43e minute de jeu à l’Olympiastadion de Munich, le 26 mai 1993. Sur la gauche, Abedi Pelé brosse un corner vers le premier poteau. Basile Boli s’élève au-dessus de Frank Rijkaard, place sa tête au point de penalty et trompe Sebastiano Rossi. 1-0 pour l’Olympique de Marseille face à l’AC Milan, tenant du titre. Ce but va devenir l’un des plus célèbres de l’histoire du football français.

Cette finale, c’est la première édition de la Ligue des Champions sous son nouveau nom (la Coupe d’Europe des clubs champions a été refondée en 1992 sous ce format). C’est aussi, à ce jour, la seule remportée par un club français.

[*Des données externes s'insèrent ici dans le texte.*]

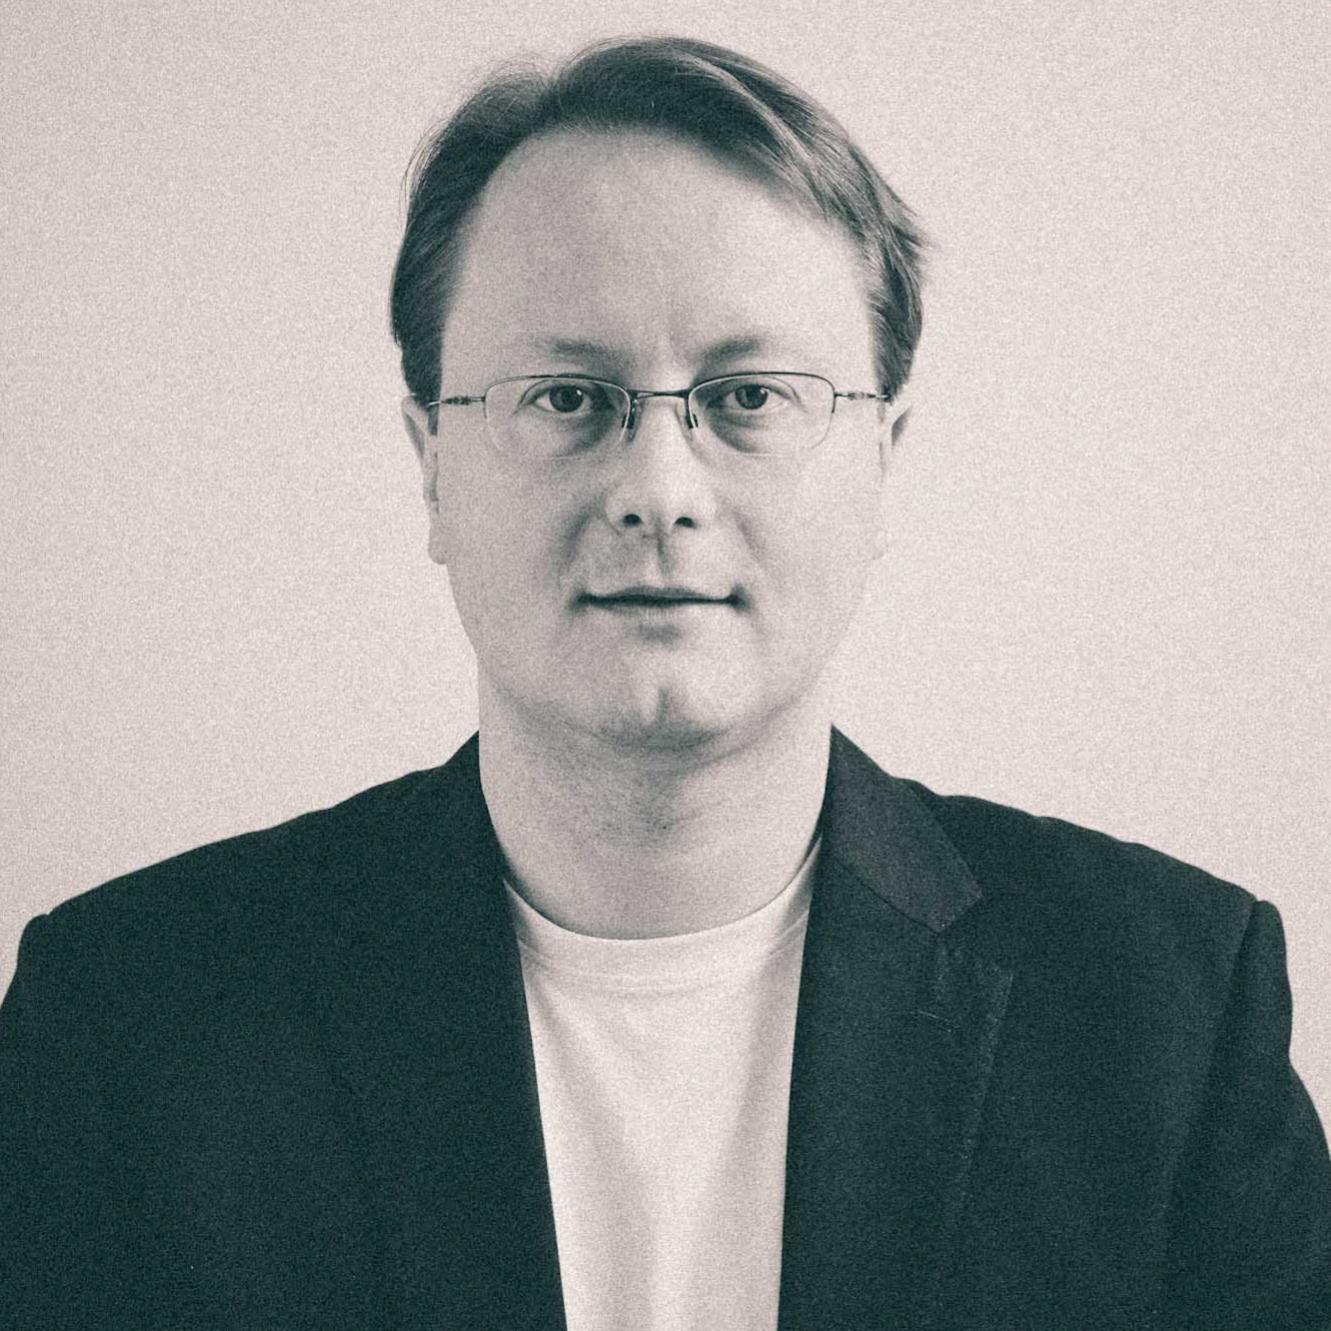 Mikko Pylkkänen

Voici le récit de la nuit de Munich, du parcours marseillais à la victoire face au Milan de Capello et van Basten.

om 1993 ligue des champions, photo du stade
Vélodrome, Olympique de Marseille

Le contexte : Tapie, Goethals et l’ambition européenne

L’OM arrive à Munich avec une obsession : ramener enfin la Coupe d’Europe en France. Bernard Tapie, président du club depuis 1986, a investi massivement pour bâtir une équipe capable de rivaliser avec les meilleures formations du continent. La déception de Bari en 1991, défaite aux tirs au but face à l’Étoile Rouge de Belgrade en finale de Coupe d’Europe des clubs champions, a laissé une frustration à éliminer.

L’entraîneur belge Raymond Goethals dirige l’équipe depuis 1990. Tacticien expérimenté, il a peaufiné un effectif riche et équilibré : une défense rigoureuse, un milieu travailleur, des solutions offensives multiples. À 71 ans en cette saison 1992-1993, le “Sorcier” Goethals tient sa dernière chance de gagner la Coupe d’Europe avec un grand club.

L’effectif a été renforcé à l’été 1992 avec les arrivées de Rudi Völler, l’attaquant allemand champion du monde 1990, et le retour d’Abedi Pelé. Marcel Desailly, recruté en 1992 lui aussi, vient compléter une charnière déjà solide avec Basile Boli. Au milieu, Didier Deschamps et Franck Sauzée structurent le jeu.

Le parcours en C1 1992-1993

L’OM démarre la compétition au premier tour préliminaire et se qualifie pour la phase de groupes. Cette saison-là, l’UEFA inaugure le format “Champions League” : deux groupes de quatre équipes, où les deux premiers se qualifient directement pour la finale. L’OM hérite d’une poule avec les Glasgow Rangers, le CSKA Moscou et le Club Bruges.

Marseille termine premier de son groupe, devant les Rangers, et décroche directement son ticket pour la finale. Pas de demi-finale en match aller-retour cette année-là, l’OM connaît son adversaire dès la fin de la phase de groupes. En face, l’AC Milan a écrasé son groupe (PSV Eindhoven, Göteborg, Porto) avec un parcours sans défaite. Le rendez-vous est posé : Marseille contre Milan, le 26 mai à Munich.

Basile Boli, but de la victoire a Munich 1993
Basile Boli, but de la victoire a Munich 1993

L’AC Milan, adversaire ultime

Le Milan de Fabio Capello arrive en finale comme grandissime favori. Tenant du titre (vainqueur en 1990 face à Benfica, après deux victoires consécutives en 1989 et 1990), le club italien aligne une équipe taillée pour dominer l’Europe : Frank Rijkaard, Marco van Basten, Demetrio Albertini, Roberto Donadoni, Mauro Tassotti, Franco Baresi, Paolo Maldini, Daniele Massaro, Sebastiano Rossi dans les buts. Une armada que beaucoup considèrent imbattable.

Le calcul de Goethals est limpide : ne rien laisser à van Basten et compagnie. Bloc bas, lignes serrées, agressivité dans les duels, et surtout coups de pied arrêtés bien préparés. Marcel Desailly et Basile Boli, en charnière centrale, doivent verrouiller la zone vénéneuse. Sur les côtés, Eric Di Meco et Jocelyn Angloma sont chargés du sale boulot défensif.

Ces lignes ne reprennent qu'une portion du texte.